Mitt Romney Just *Might* Be Better for the Economy Than Obama

If you forced liberals to make the economic case for a President Romney, what would they say? Let's find out.

615 romney lights flags.jpg
615 romney lights flags.jpg

Reuters

We all know why Mitt Romney thinks his presidency would help the economy. He claims his tax reform plan would spur growth. He claims Obamacare is holding back hiring, so he'd repeal it. Most people I follow don't find either claim terribly persuasive, since the growth effects of tax reform are small if negligible, and it's low demand, not future regulatory unease, that's the real impediment to job growth.

But even if Romney's wrong, he might yet be right for the economy.

There's a surprisingly robust belief that a Romney presidency -- even if it's a disaster for social issues -- could prove surprisingly, even stealthily, successful for GDP. It goes like this, briefly. A moderate President Romney would delay a shift to austerity, maintaining our healthy, high deficits while pursuing stealth stimulus and long-term deficit reduction plan with Republicans ... all of which has proved just nearly impossible under divided government.

"Romney may deserve the edge" on economics, Matthew Yglesias wrote in his endorsement of Obama this morning for Slate. "I think it's reasonably likely that President Romney would emerge as a closet Keynesian and bring us a lower unemployment rate." In a long piece for New York magazine, Jonathan Chait predicted an out-of-the-gate Romney debt-reduction plan "that increases deficits in the short run [and] allows him to offer a political olive branch to Democrats without breaking faith with his own base." Josh Barro of Bloomberg predicted that Romney could pair higher deficits with a mortgage relief plan favored by his moderate economic advisers.

Should liberals and moderates be more hopeful about the economic prospects of a Romney presidency? I asked a liberal and a moderate.

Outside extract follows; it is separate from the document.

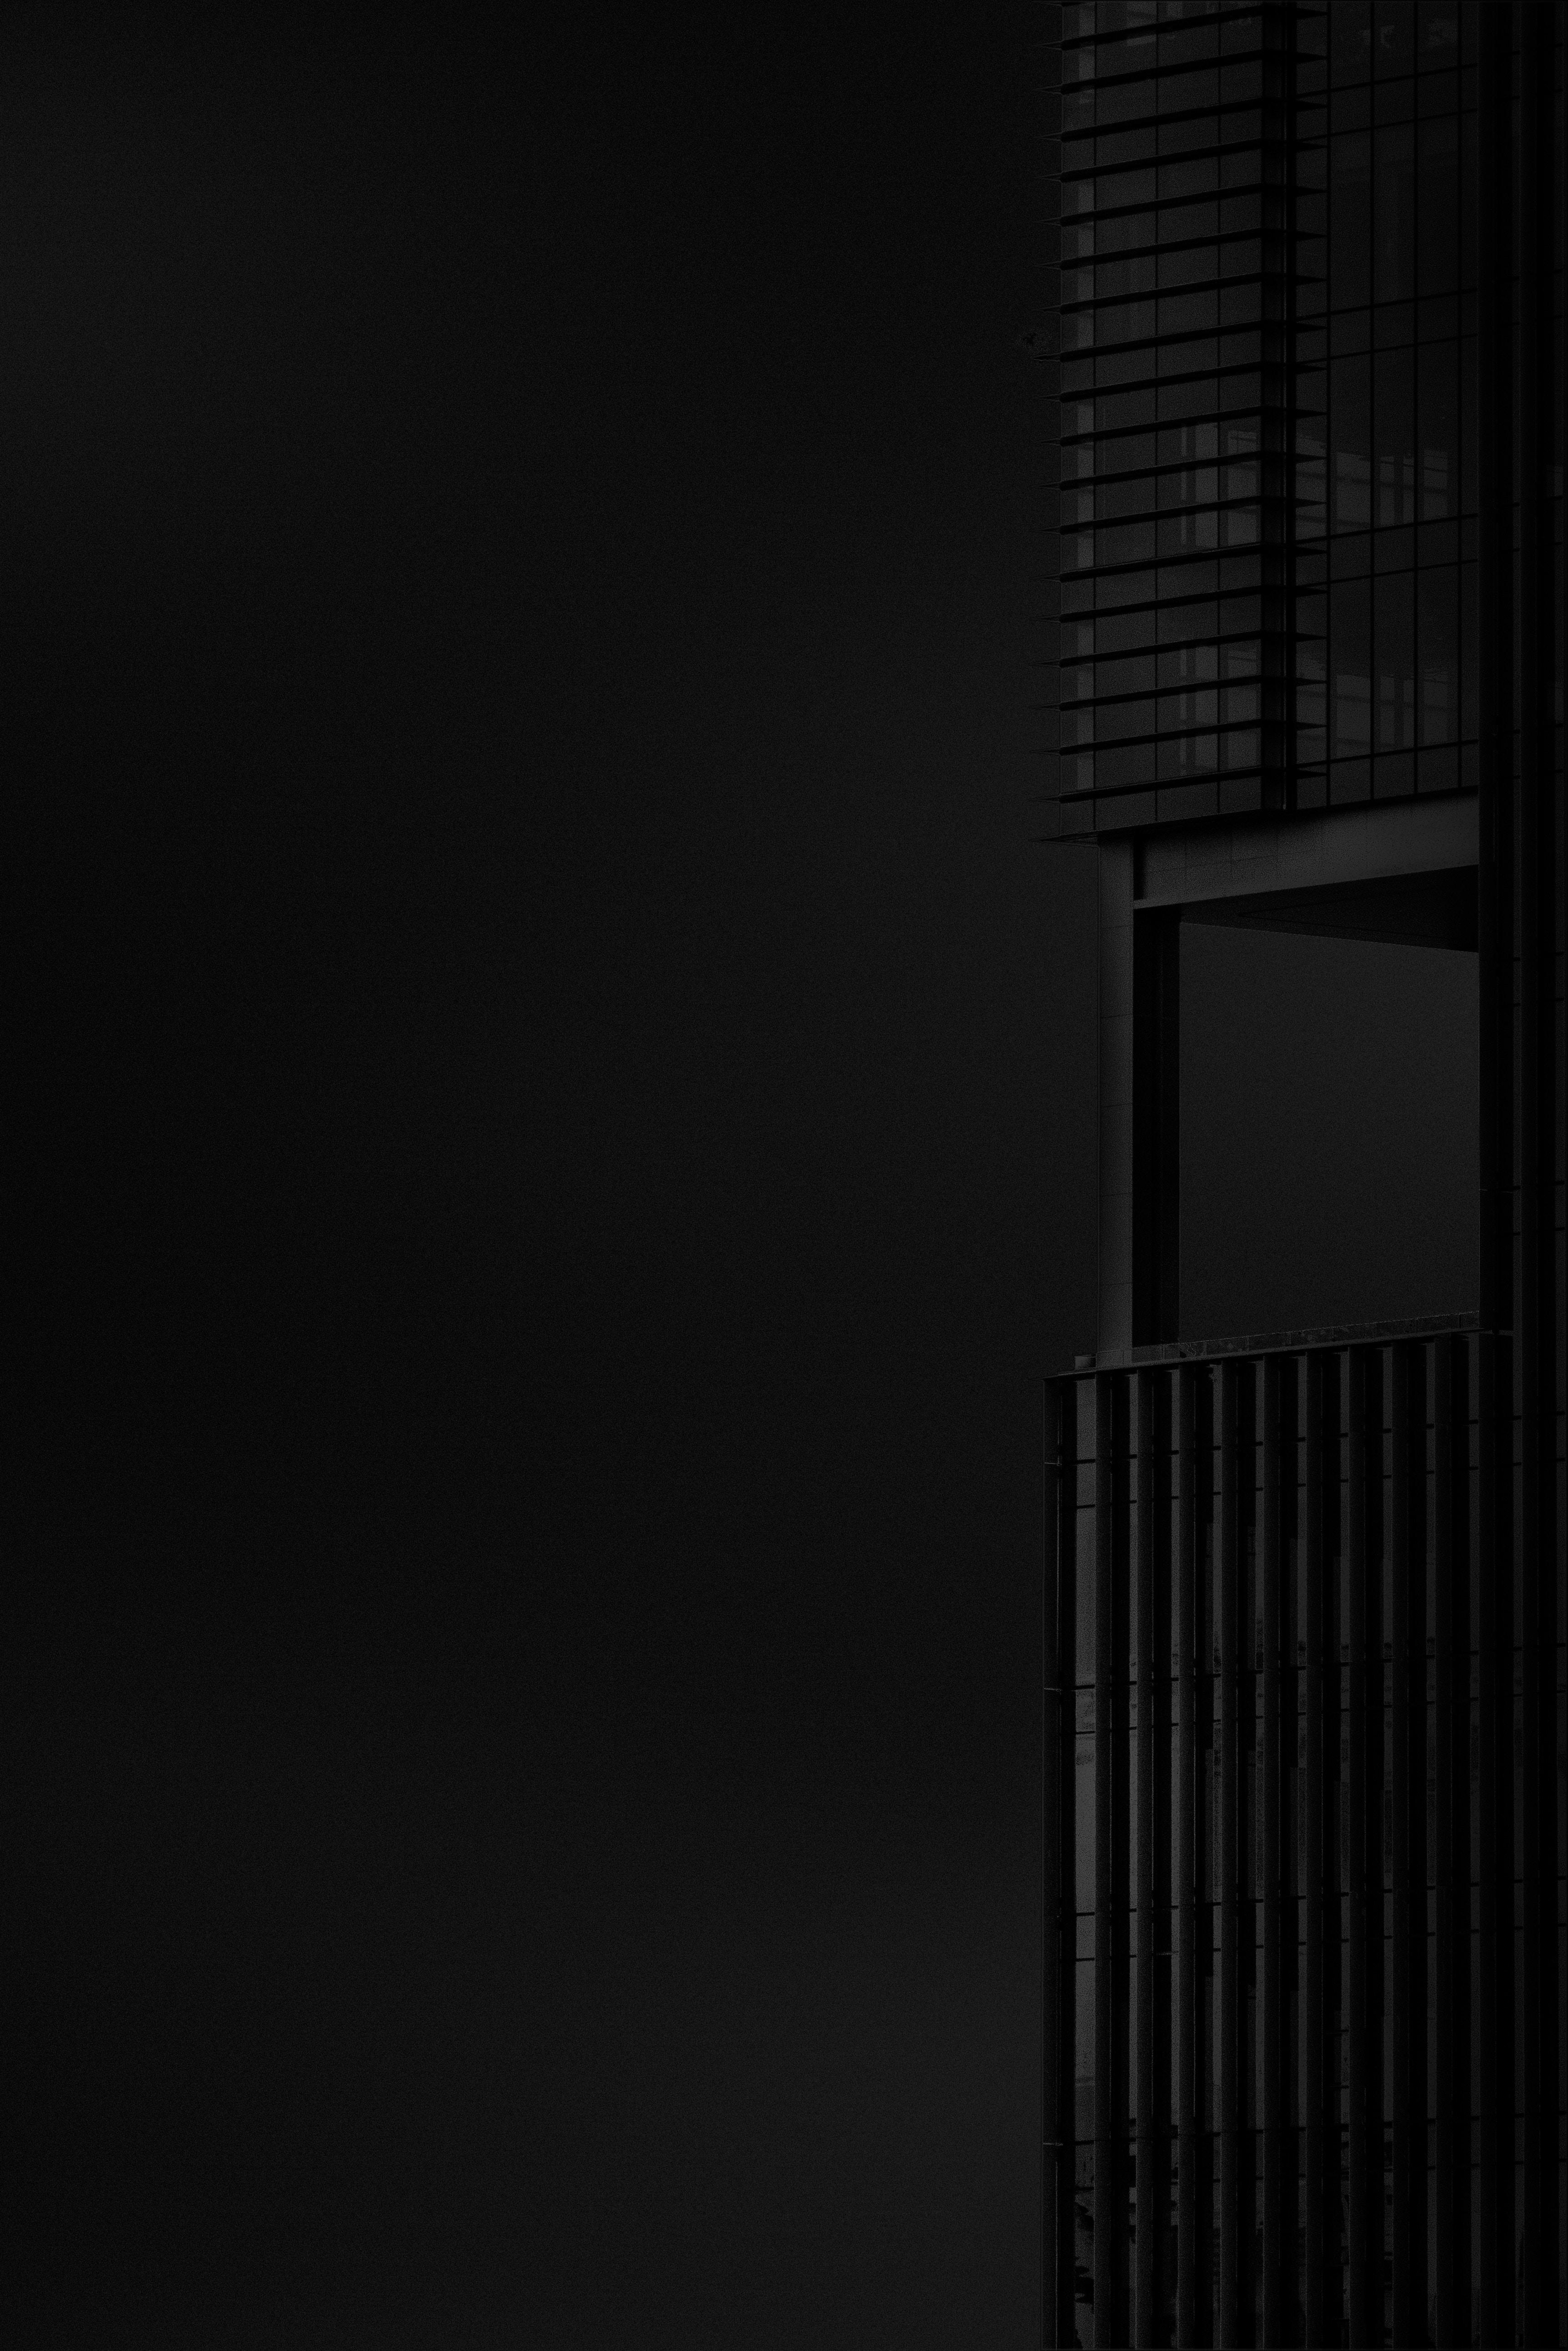 60871 Salvapantallas y fondos de pantalla Arquitectura en tu teléfono. Descarga imágenes de Minimalismo, Edificio, Bw, Chb, El Negro, Oscuro, Arquitectura gratis

"I think there may be something to the notion that under a Romney presidency, the GOP would go back to being open to Keynesian stimulus (since they were under Bush)," Michael Linden, director of budget and tax policy at the Center for American Progress, wrote in an email. "We're probably less likely to go over the fiscal cliff if Romney wins and we're definitely less likely to have another debt limit fiasco." Linden noted, however, that Romney had steadfastly avoided a clear or specific policy for housing.

Ron Haskins, a former White House adviser who co-directs the Brookings Center on Children and Families and Budgeting for National Priorities Project, expressed optimism that Romney could uniquely deal with our long-term budget imbalance -- even if he elects to keep deficits high in the short term. "Obama has repeatedly failed to exert leadership on the deficit," he said. "There is no objective way to say Romney is more likely to deal with it, but I think he is. He is inherently a moderate. He's smart, he understands budgets and busienss, and the nature of business is cutting deals." Any deficit reduction deal will require higher tax revenues, and Romney would have a Nixon-in-China opportunity to strike that bargain, Haskins added.

"Of course, I have no way of knowing any of this," he said on the phone. "I'm just responding to your [hypothetical] question."

If Romney does pull out a surprise victory on Tuesday, we will have elected perhaps the most conservative economic agenda in decades -- one that pledges deep tax rate cuts on the rich with unspecified offsets and enacts deep, deep cuts into the parts of the budget that pay for Medicaid, public goods and income security programs. And yet! Liberals can seek solace in the fact that a President Romney would have to tack center in a divided government, and a moderate Republican in the White House be able to enact more short-term stimulus long-term deficit-reduction laws than the incumbent. But essentially, the liberal/moderate case for economic optimism in a GOP Oval Office is: "We hope Romney will change his mind."

Wishful thinking, for sure. But these are liberals, and this is Mitt Romney: They have made more implausible wishes before.